#### [TASK DESCRIPTION]
Transcribe word for word the lines below from the line with "Pro Series Fibreglass" through the line with "Gingsite1049 In 2020", ends included.

Start of DATA FOR THIS EXERCISE

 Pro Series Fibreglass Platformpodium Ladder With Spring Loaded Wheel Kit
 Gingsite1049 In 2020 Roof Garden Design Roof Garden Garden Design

End of DATA FOR THIS EXERCISE
Start of DATA FOR THIS EXERCISE

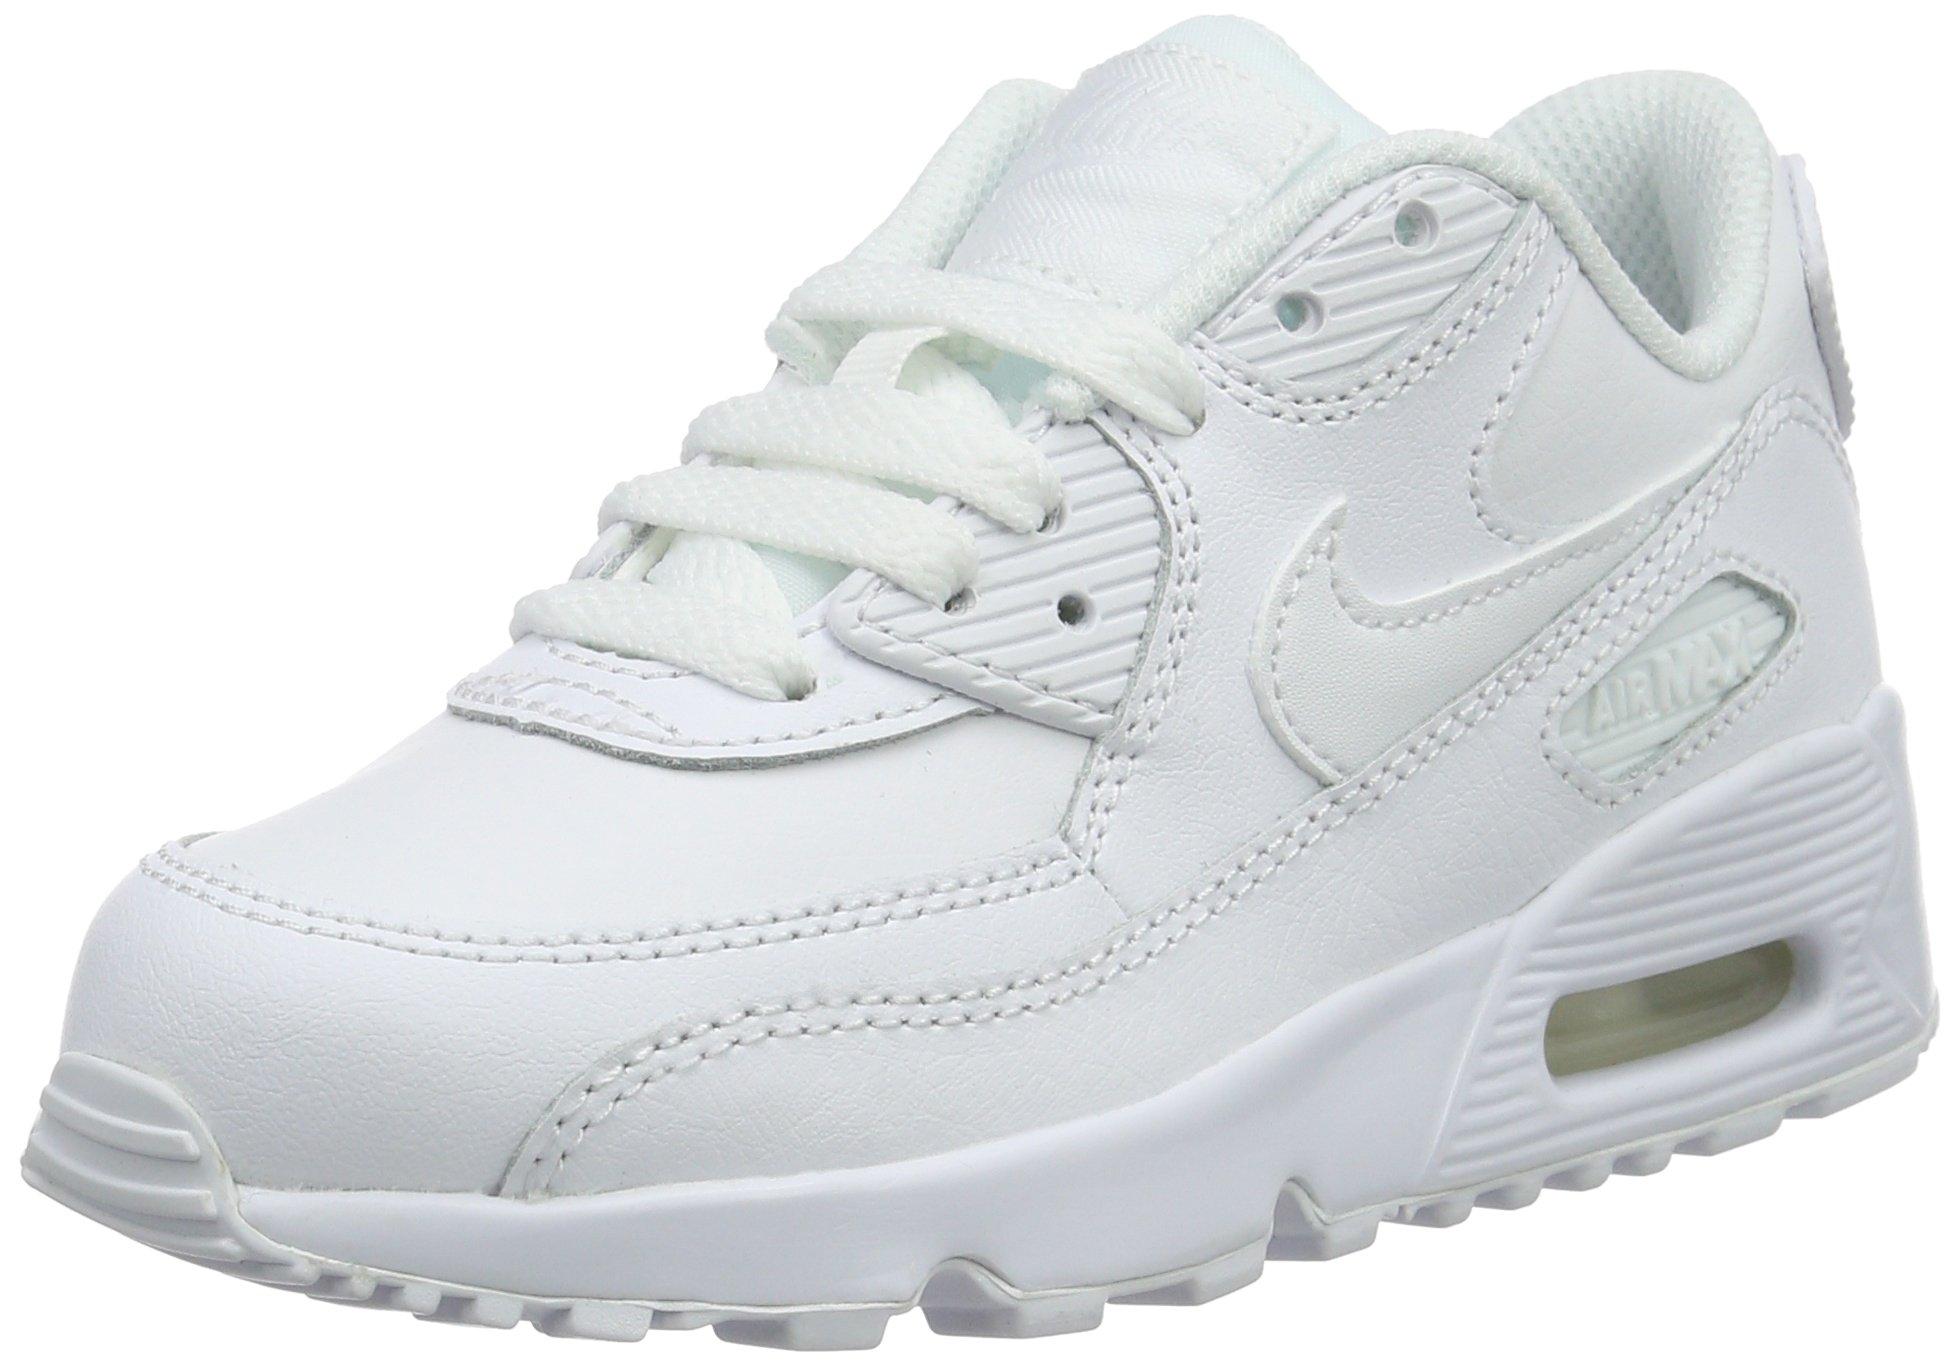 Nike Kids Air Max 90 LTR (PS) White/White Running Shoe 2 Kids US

End of DATA FOR THIS EXERCISE

#### [RESPONSE TO THE TASK]
 Pro Series Fibreglass Platformpodium Ladder With Spring Loaded Wheel Kit
 Gingsite1049 In 2020 Roof Garden Design Roof Garden Garden Design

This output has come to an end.